INPUT DATA:
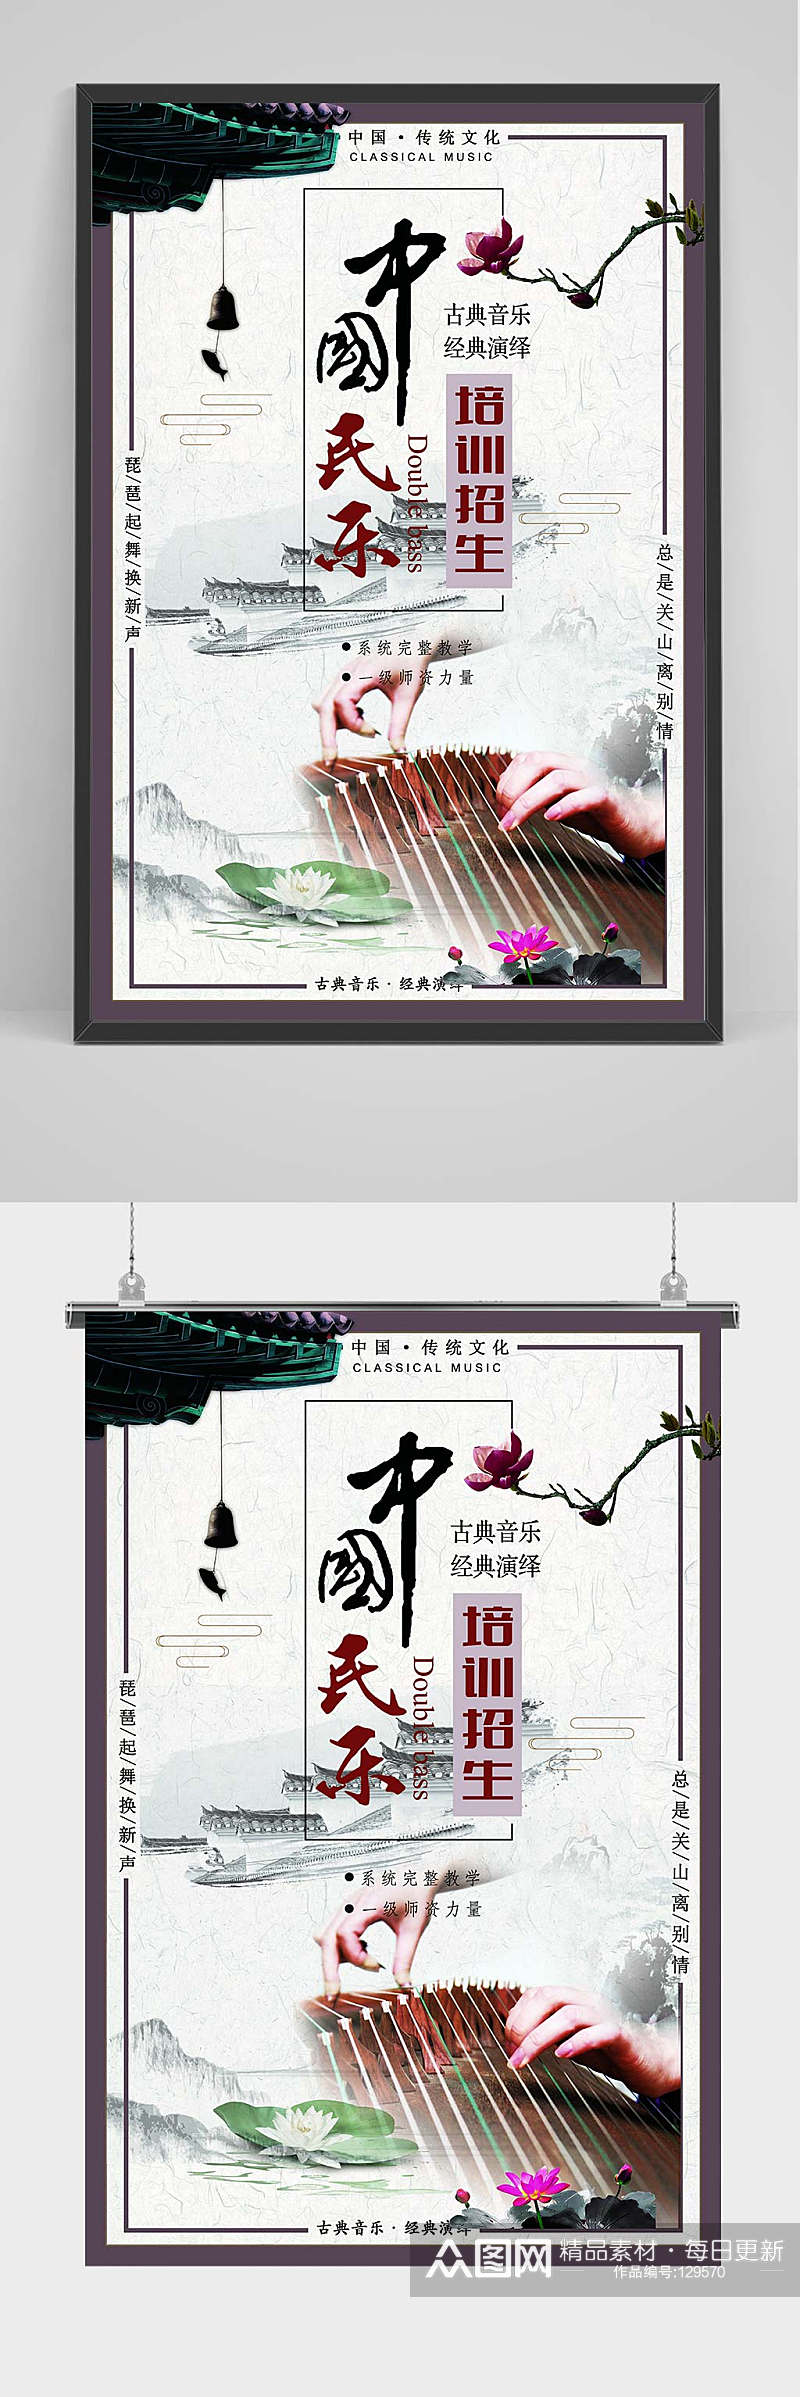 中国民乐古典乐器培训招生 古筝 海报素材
==
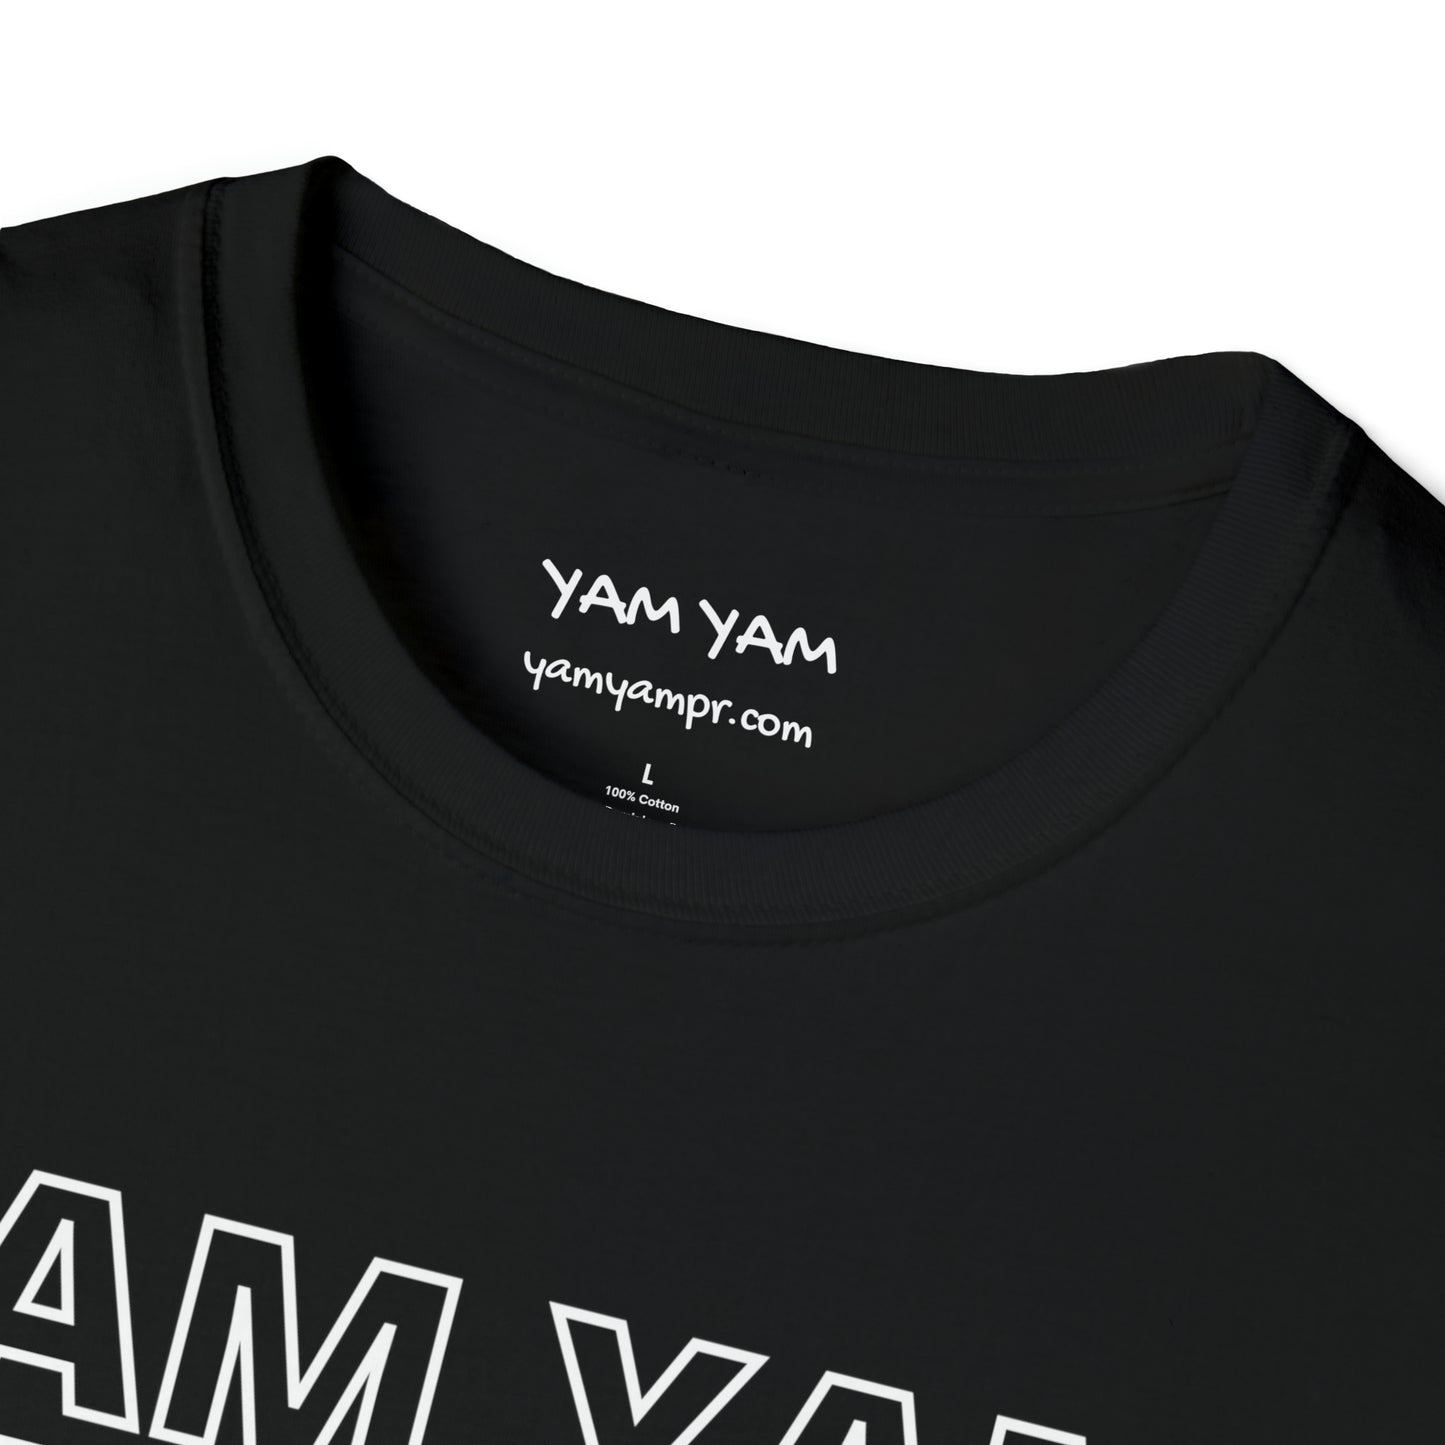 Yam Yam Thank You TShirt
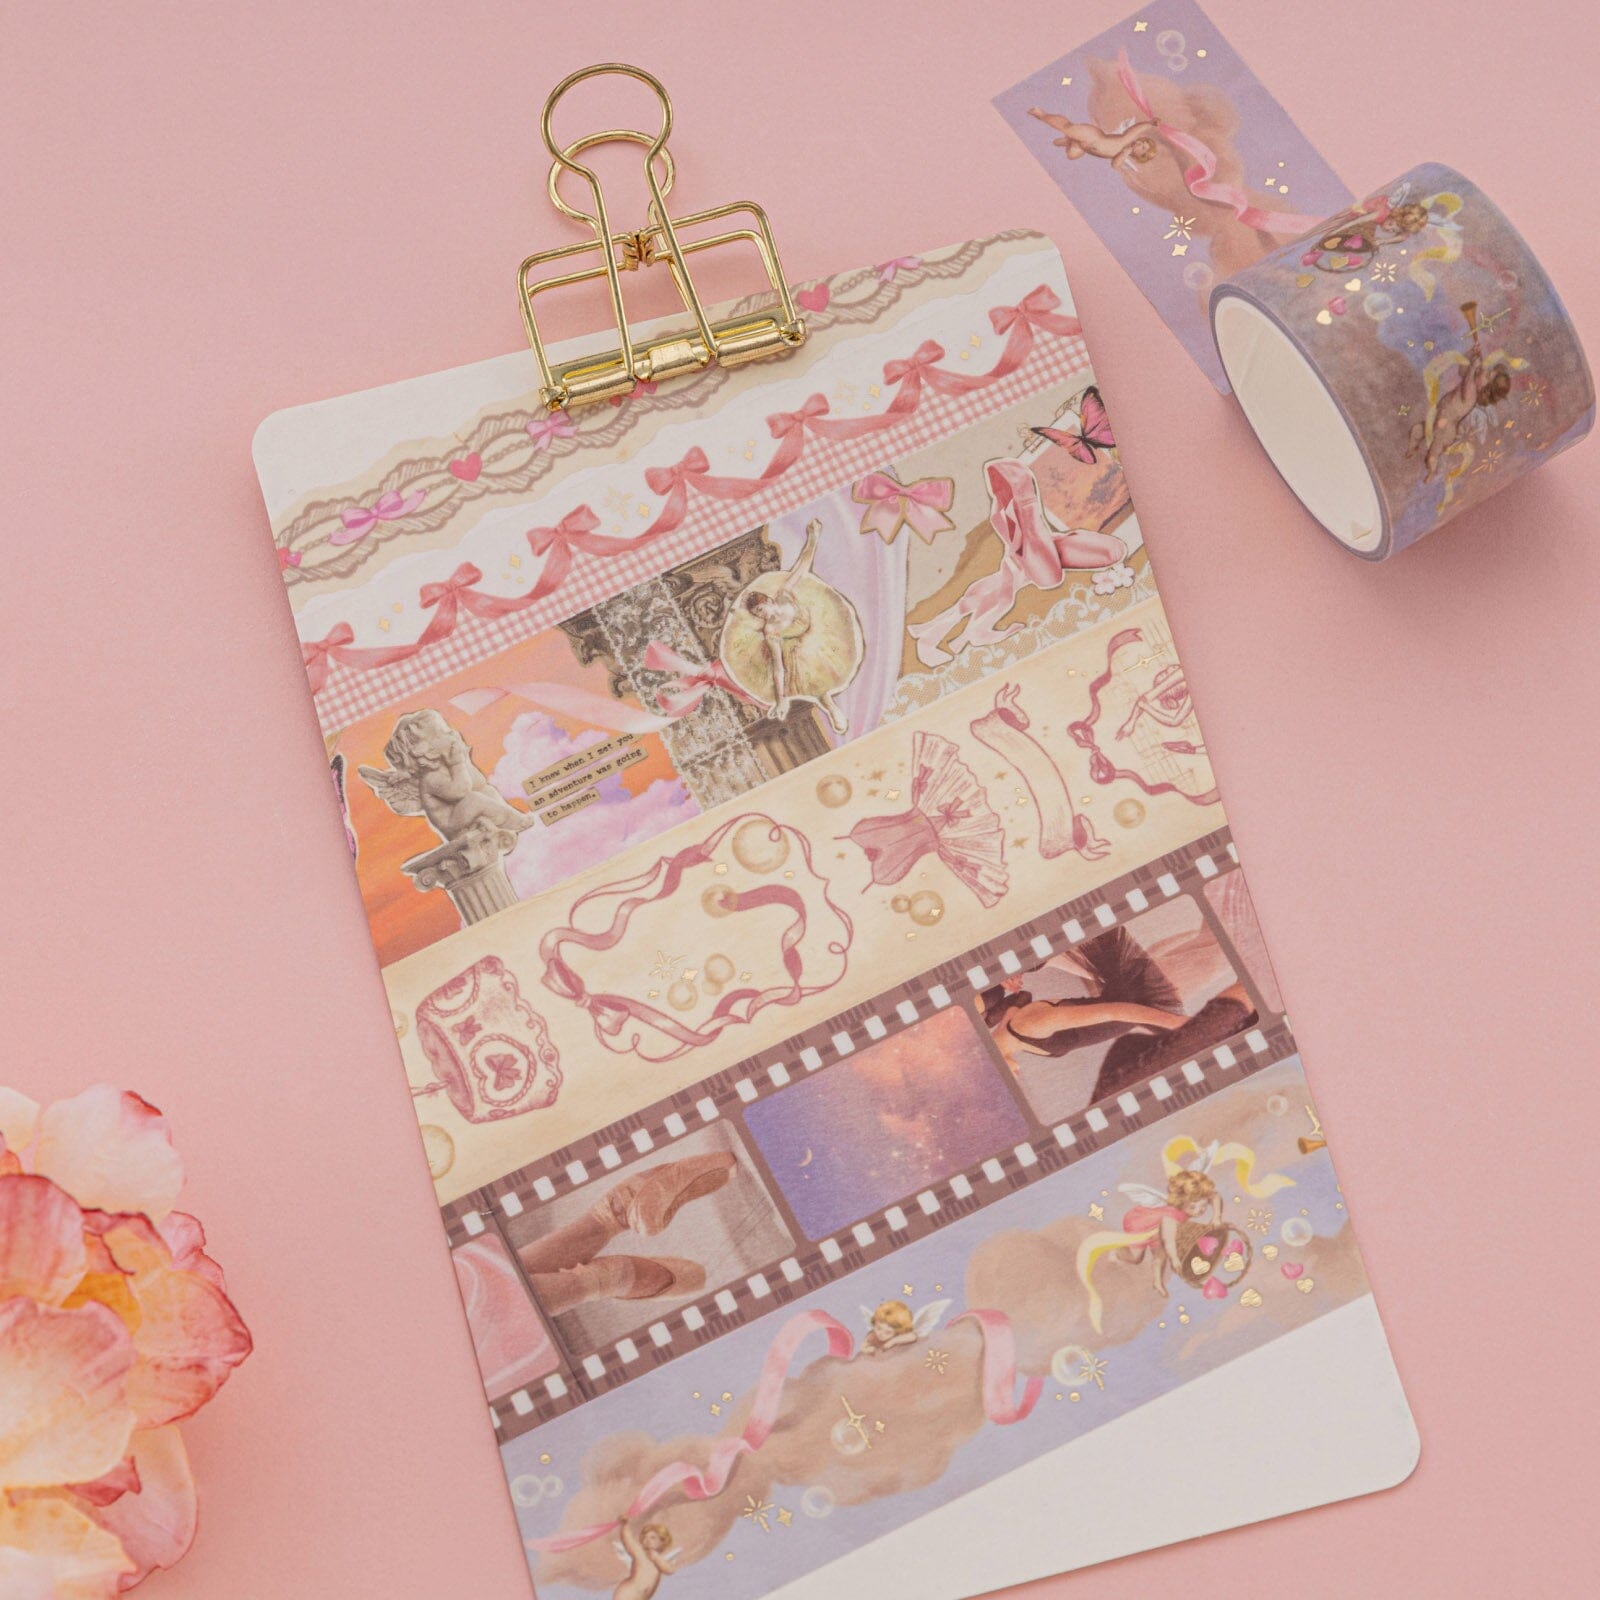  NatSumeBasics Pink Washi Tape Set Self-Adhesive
...
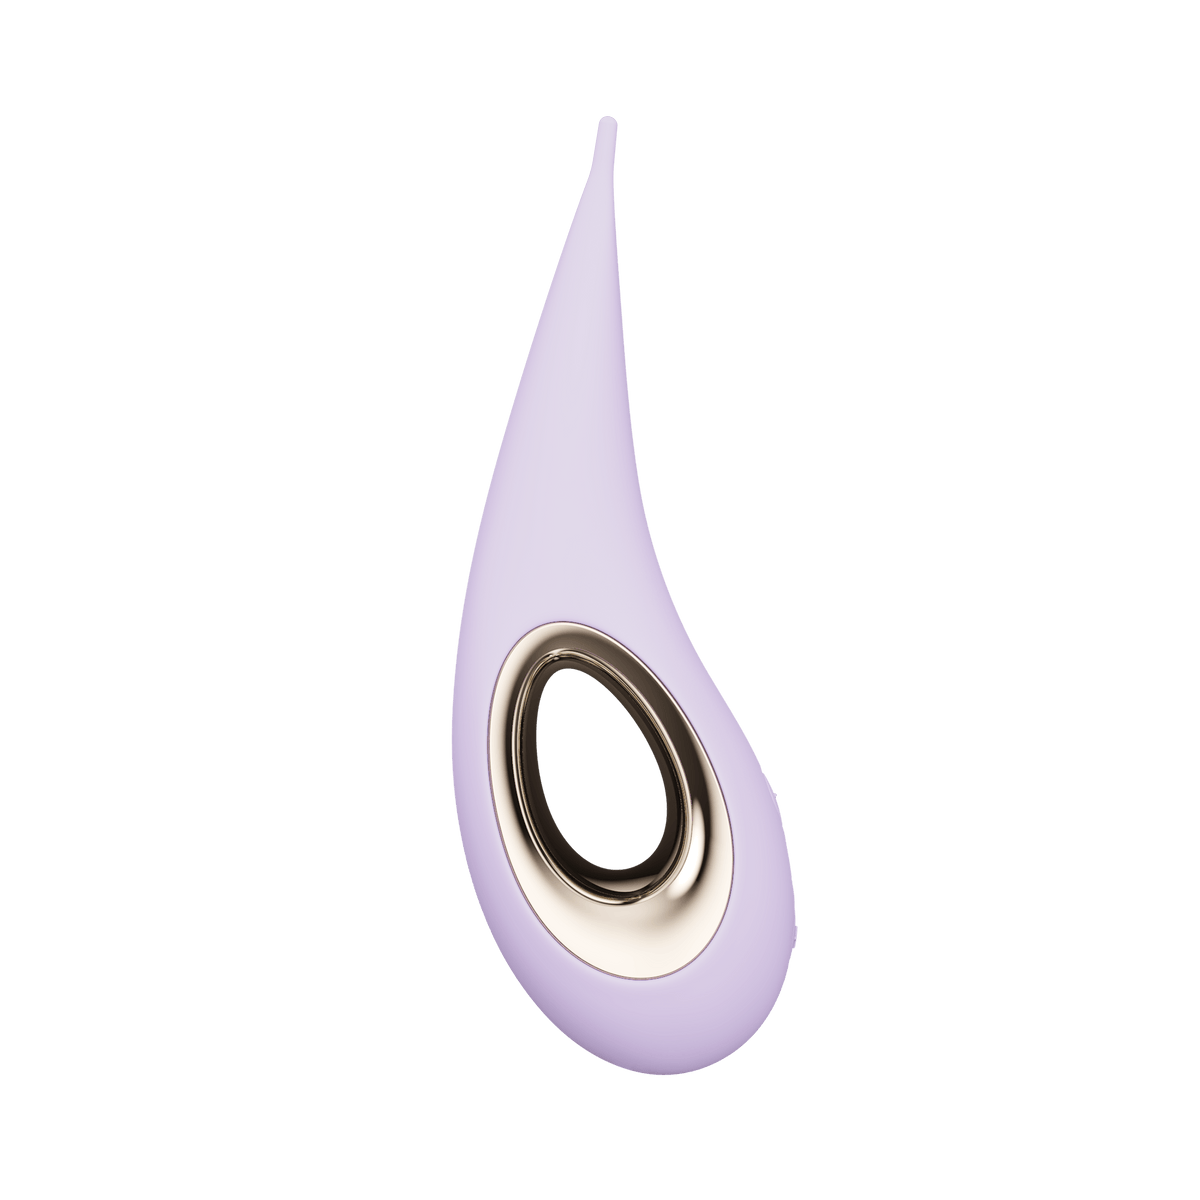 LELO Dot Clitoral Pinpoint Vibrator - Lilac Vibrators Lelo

PROBLEM:
In the entries above, find the line containing "Yam Yam Thank You TShirt" and the line containing "NatSumeBasics Pink Washi"; give again exactly those two lines and every line between them, minus the pictures.

ANSWER SPACE:
 Yam Yam Thank You TShirt
  NatSumeBasics Pink Washi Tape Set Self-Adhesive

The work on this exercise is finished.